Он обрадовался, когда узнал про температуру. Он сказал, как у них водилось:
– Ты, Куренкова, теперь не бойсь… – И стал раздеваться. Он лег в постель в ранний час.
Он велел дочке поужинать, а сам ужинать не стал. Он лежал в постели, посмотрел по телевизору футбол, и то не до конца, слишком знобило. День рождения у Маринки тем временем шел полным ходом. Там были и Оля Злотова, и Сыропевцев, и Алик Зимин с саксофоном и с гитарой, и Гена Скобелев, который всегда являлся со своей косенькой женой. Шурочка отнесла им холодец, посидела там час, махнула несколько рюмочек – и домой. Нет, сначала все вместе они позвонили оттуда: пьем, мол, твое здоровье, Толик, поправляйся без промедления. Они услышали его голос, а потом в трубке была тишина.
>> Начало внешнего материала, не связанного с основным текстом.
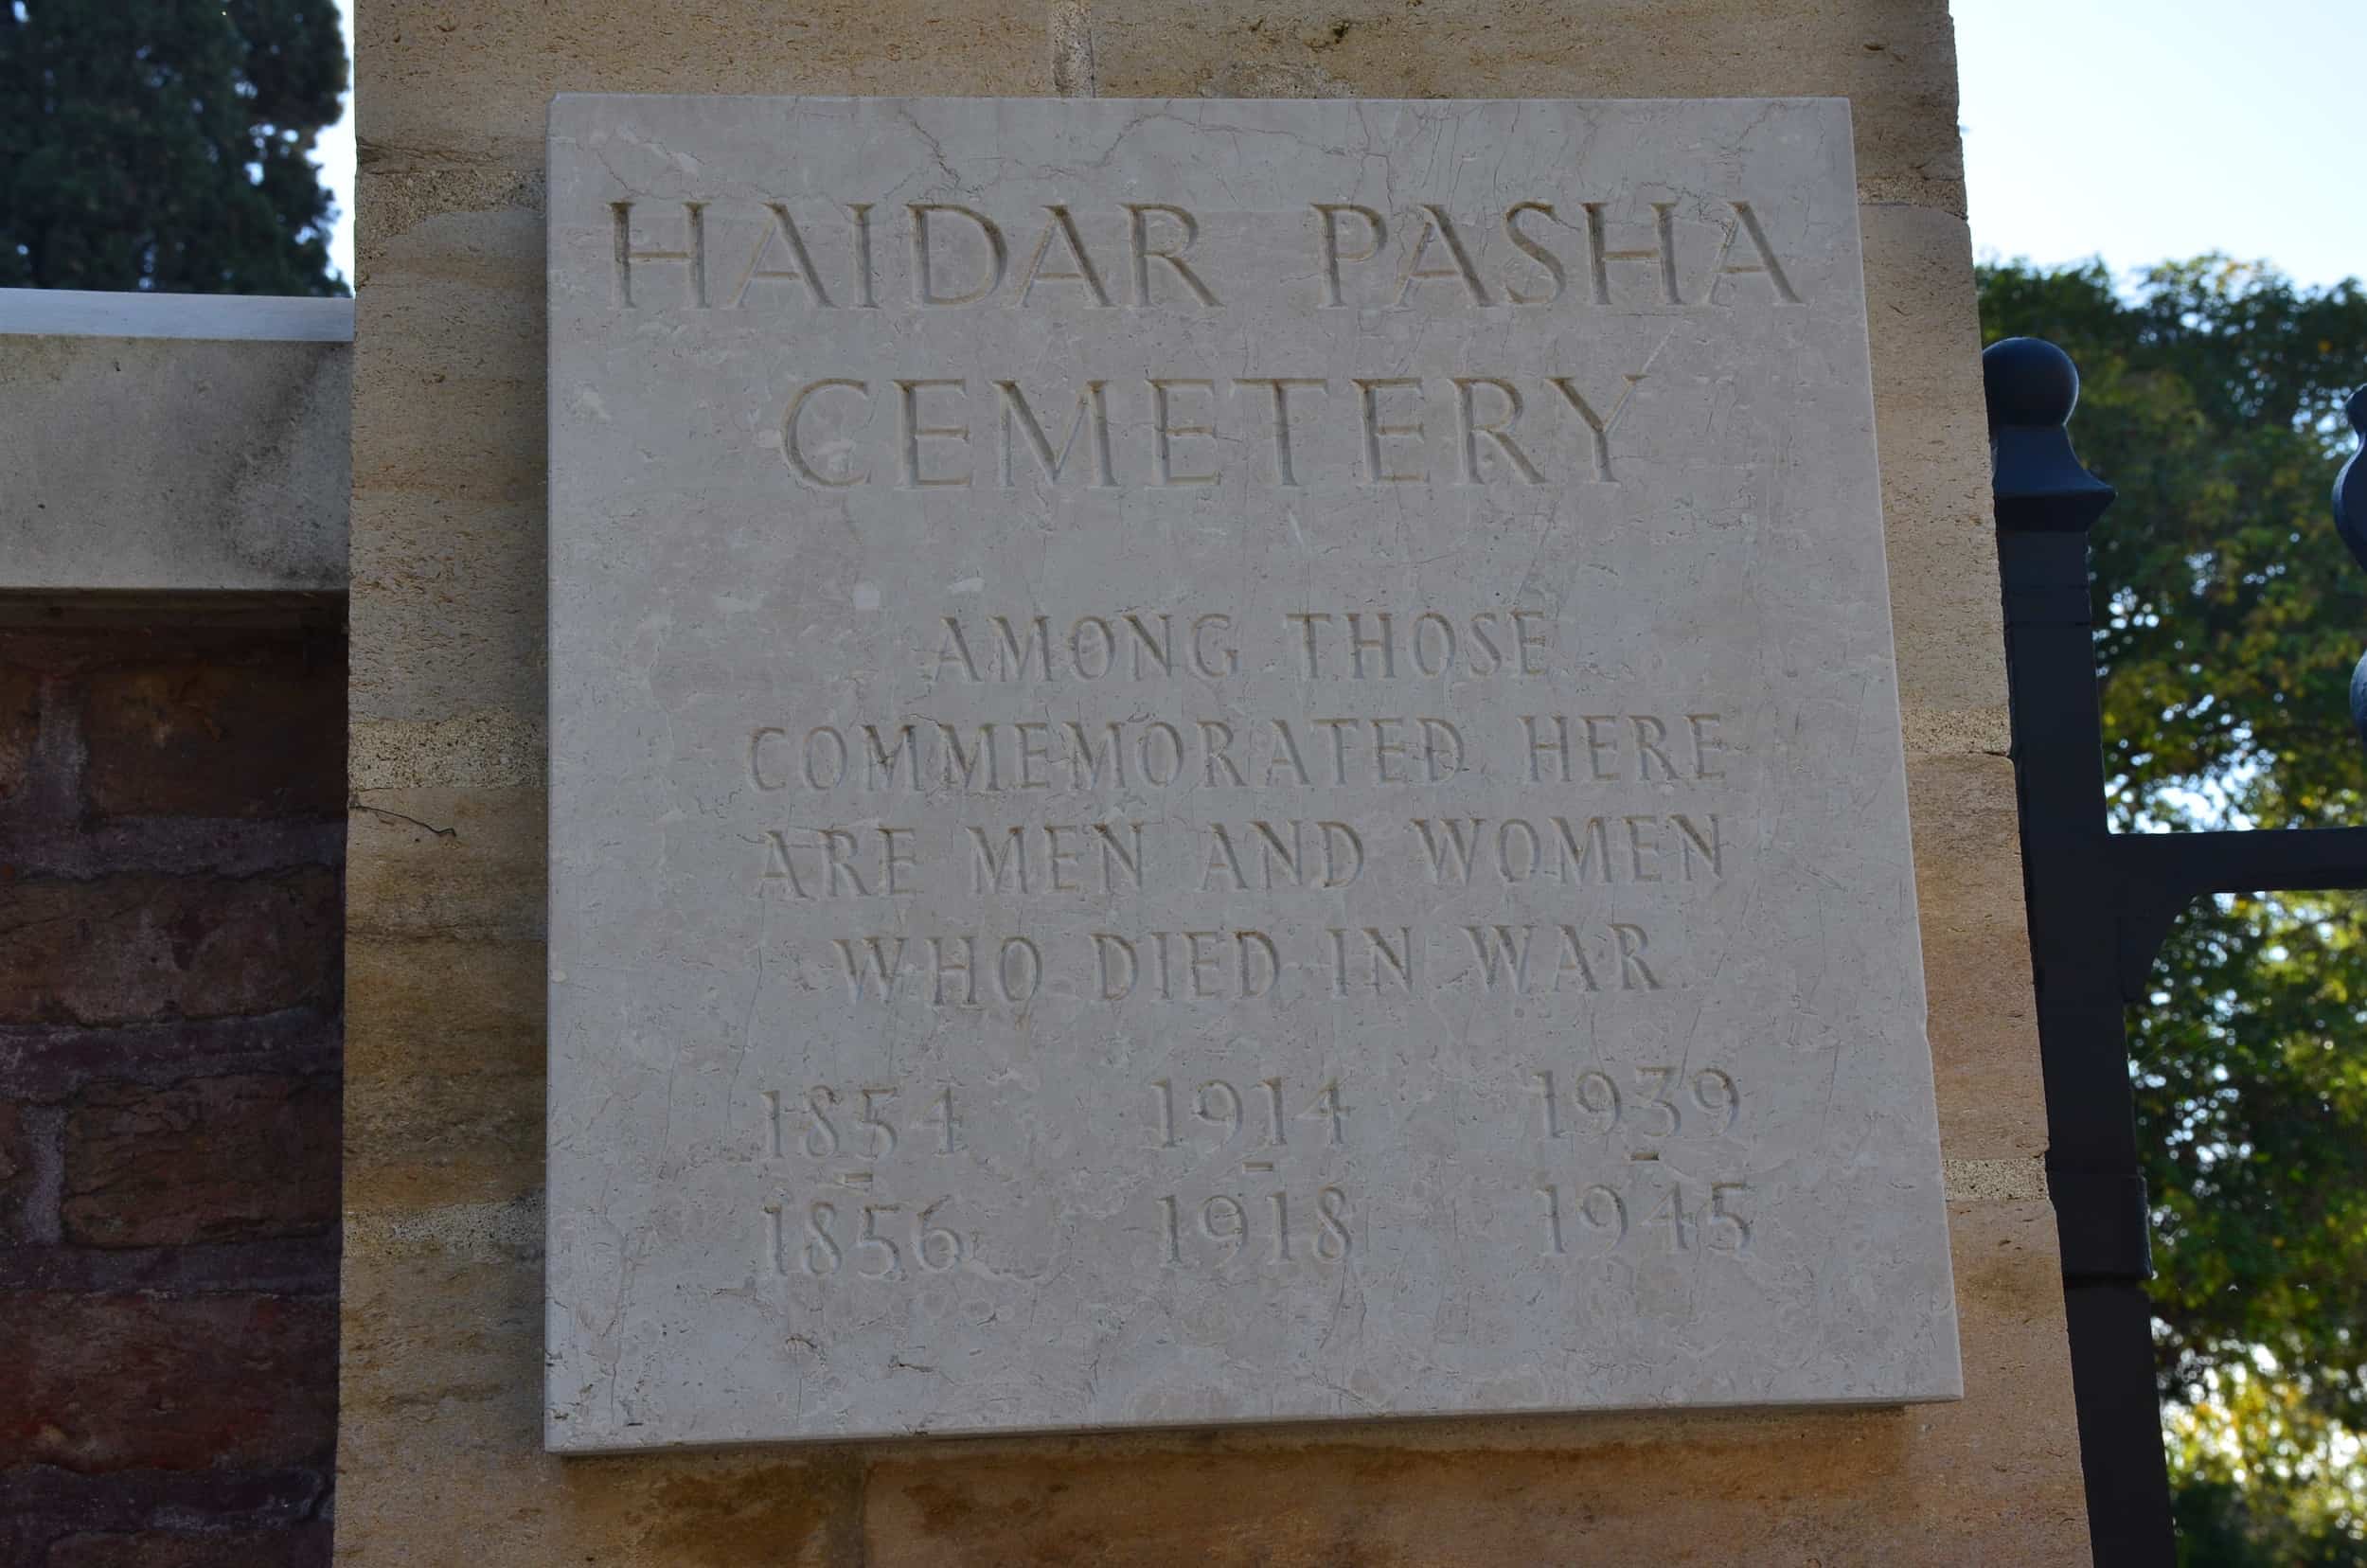 Haidar Pasha Cemetery

И мигом Шурочка помчалась домой – благо все они жили близко, старая и нераспавшаяся московская компания. Когда Шурочка прибежала, Куренков в постели бредил, бормотал какую-то чепуху. Он говорил о своих прошлых загулах на стороне, о каких-то женщинах. Он весь горел.
В ночь случился кризис, температура упала, и утром Куренков лежал в постели весь слабый, но уже улыбающийся. Шурочка в телеателье не пошла, она сидела рядом, подавая Толику чай и рассказывая, как вчера у Маринки Князевой пили за его здоровье. Его интересовало, как там было и кто был. Шурочка рассказала обстоятельно, со вкусом.
– Да, – вздыхал он, – не повезло мне.
А Шурочка думала: тебе-то, может, и не повезло. Но ей, Шурочке, уж точно повезло. И Сыропевцеву повезло, и Оле Злотовой – всем им, можно сказать, повезло.
И все же он сорвался, и Шурочка впервые тогда подумала, что, может быть, и правда, судьбу не объедешь (для Шурочки случившееся было слишком внезапным). Скопившийся в Куренкове и как бы неисшедший заряд зла дал себя знать: не прошло и недели, как он, слабый еще, ввязался в автобусную драку, которая затем, скатываясь по ступенькам, превратилась в драку уличную. Куренков никого там не знал, а зачем он ввязался – непонятно. Когда его сбили, он упал на асфальт и, пинаемый, пустил в ход какой-то жесткий предмет, оказавшийся под рукой. Такая вот случайность.
После выяснилось, что на асфальте лежала ножка изящного журнального столика, кем-то в сутолоке выроненная или утерянная. В зале суда изящная ножка, будучи поднятой, гляделась как палица. Суд был скор и справедлив. В числе других подравшихся Куренкову дали два года тюрьмы, но с отбыванием по смягченной системе: один плюс один.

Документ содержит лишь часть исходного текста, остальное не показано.